Defining gateway configuration to access isolated remote connectors

A remote connector acts as a gateway to remote data sources. If the remote connector host machine has network access to the Cloud Pak for Data cluster, the remote connector automatically contacts and connects to the cluster. If the automated discovery port is not exposed from HAProxy and the firewall rules, or if the physical network configuration allows only one-way communication from Cloud Pak for Data to the Watson Query remote connector, you might need to establish the connection manually.

After deploying the remote connector and validating that it is running on the host, if the remote connector does not appear in the Data sources > Constellation view > , you can manually configure the connection from Watson Query to the remote connector by using the API DEFINEGATEWAYS().

  1. Click Data > Data virtualization > Run SQL.
  2. Run the DVSYS.DEFINEGATEWAYS() stored procedure. This stored procedure has an argument that contains a comma-separated list of hosts where remote connectors are running. In the following example, two remote connectors are running; one on host1 and another on host2.
    CALL DVSYS.DEFINEGATEWAYS('host1:6414, host2:6414')

    Replace host1 and host2 variables with the remote connector hostname or IP address.
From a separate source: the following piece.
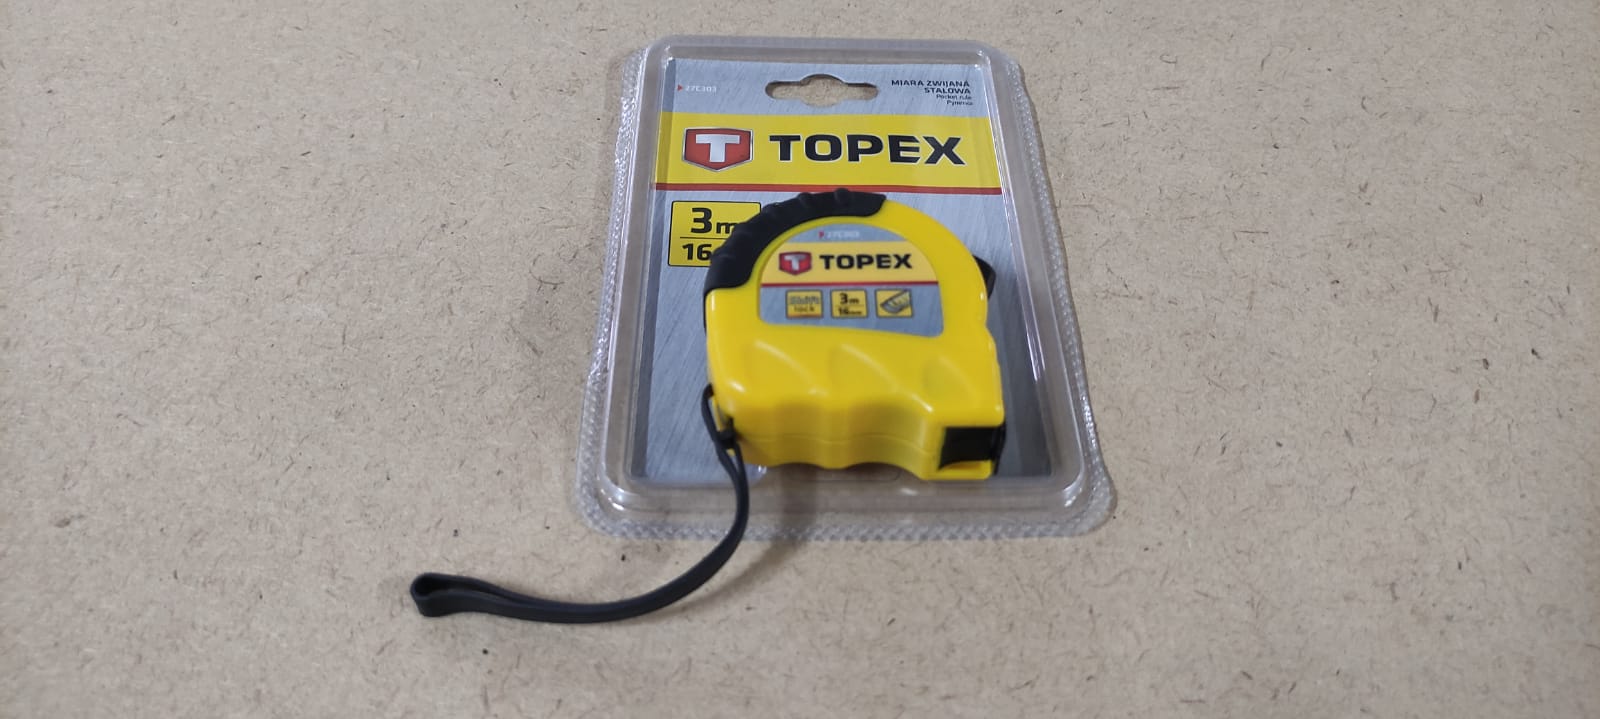 Строительная измерительная рулетка TOPEX, стальная лента 3м x 16 мм

This example uses port 6414, which you specify when you generate the dv_endpoint.sh configuration script. To determine which port-mapping to use in the DVSYS.DEFINEGATEWAYS() stored procedure, check the Queryplex_config.log on your remote connector, and search for the GAIAN_NODE_PORT value as shown in the following example.

    GAIAN_NODE_PORT=6414

    If you use port forwarding (for example, NAT or VPN) to the remote connector, you must specify two ports as shown in the following example.

    CALL DVSYS.DEFINEGATEWAYS('host1:37400:6414, host2:37400:6414')

    In this example, two remote connectors are listening internally on ports 6414, but these ports are not exposed externally by the host. For example, remote connectors can be accessible only from Cloud Pak for Data by using a VPN server that is configured to map external VPN port 37400 to internal port 6414. Defining the gateway enables Watson Query to open a connection to the remote connectors that runs on host1 and host2. Watson Query connects to port 37400 on the remote host, and the VPN forwards traffic to the remote connector's internal port 6414.

​​​​​​Removing defined gateway configuration

If a defined gateway is no longer necessary or is unreachable, it can negatively impact query performance. You can remove the gateway by using the API REMOVEGATEWAYS(). This API takes a comma-separated list of gateway ID parameters as a single string literal argument as shown in the following example.

CALL DVSYS.REMOVEGATEWAYS('GTW0,GTW2')
Note: This API removes the gateway from use but does not delete its configuration so it still shows up when you call listrdbc.